Not Dead in a Ditch - Take Two - Part I - Mechanical Update

Apparently my previous post was lost when I did a couple of edits, so going to try again and split it into two parts.  If you think you've read it before, then you probably did! LOL!

Just wanted to give an update as it's been a little while and while progress is slow, it has been happening.

Most importantly Juno finally went to the mechanics!!  WOOT WOOT.  

My guy is awesome - he even came and got it for me since I was nervous about taking it on the road with the stall-from-idle-issue.  The BF ended up stranded along the way from Denver several times when it cut out and he couldn't get it started right away.  From here to the mechanics is heavy traffic (including the street that runs outside our house), so he had mercy on me and offered to take it in.  Funny to think the plates went on it last October and I haven't done more than moved it around the yard :-) 

He's replaced the carburetor with the same (another Edelbrock), ran down an exhaust leak–and says I won't even recognize it.  Runs smooth as silk.  He also was pretty impressed with how strong the engine ran for its age (if you haven't been following it's an 84 360 Dodge Ram V8).  Lakota was instrumental on me taking the chance on her so I know he'll be glad to hear that (the previous three mechanics all gave a thumbs up, but I really wanted to hear mine say it).  I'm hoping with continued good maintenance I'll get quite a few miles out of her (she's got 67K on her now).

I agreed with the replacement on the carb - the PO said he put $1000 into it, I put $600 before it left Denver for a choke and adjustments, and ultimately Toney showed me when he was adjusting it that it wasn't responding well to those.  It's hard to find people to rebuild, it's not his strong suit (although he did drive this exact engine back in the day in Texas he said, hauling a gooseneck), and ultimately having a warranty and the replacement done by my home base mechanic seemed the obvious way to go. He cares that I'm safe.  So!  Stop throwing good money after bad.  Cut my losses-and all those cliches.

This next week he'll be running through my list - fluids, brakes, suspension, lines, sparks, all the major parts that should be reviewed - got a light out that replacing the bulb didn't help, a sticky seatbelt, oil leak, and the shifter display is broken, etc.  He's also going to show me the basics of all my fluids–how to change the, what to watch for, listen for, and how to adjust the carb.  I'm having him order me spare belts and more difficult to find parts that might be worth me carrying.  The belts took 4 hours each time they went off to track down. That was especially not cheap when paying a mobile mechanic.  But gas caps, fuel filters are easy and still can be found at any auto parts so just what might be a bear.

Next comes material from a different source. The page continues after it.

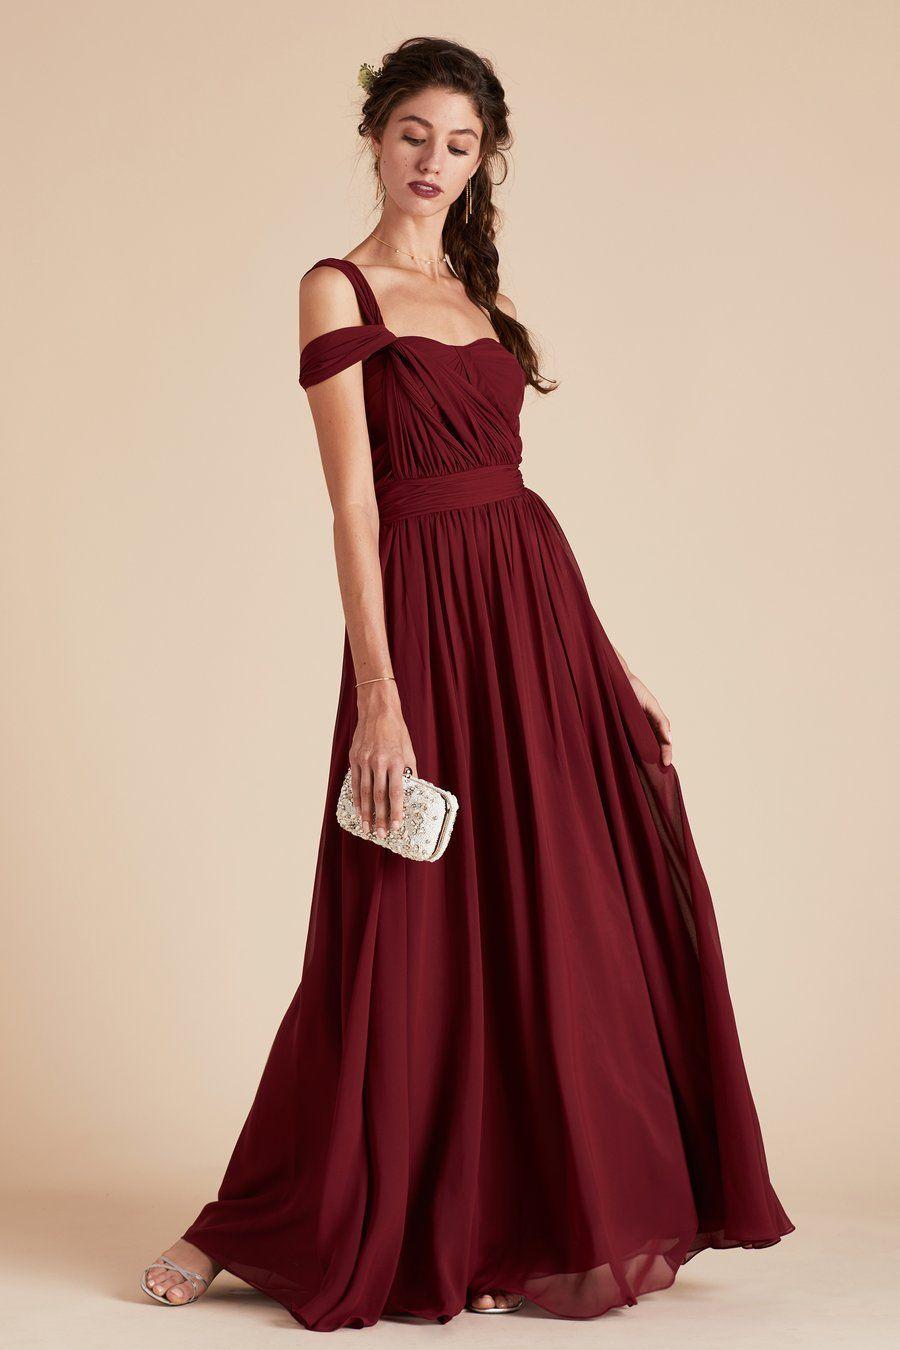 c8359dadb09 Gracie Convertible Bridesmaid Dress in Chiffon burgundy by Birdy Grey.  Under  100

I can see that these 'classic' engines might be a challenge at times but I'm feeling good - I can learn a lot of the basic maintenance and get a working knowledge of how it works, so at minimum can talk intelligently to any mechanic and make good decisions.  Feel like I have a workhorse.  Plenty of power and built well with not the myriad of things that can go wrong like you can with all the computerized stuff.

After that she'll go to the tire place (tires look good and what I could tell on the outside ones, new tires, but need to look at the inside duallies and I think the spare is old).  

Then, that's a huge mile maker under the belt.  She'll be ready for me to take out and safe!

I'll publish Part II later today with pics.  It will be about sewing and curtains!  Yeah, I'm nodding off too, already.  Okay, I'll add a plumbing update, too.

Hope everyone is having a great weekend either campering or puttering on their rigs (and enjoying it!).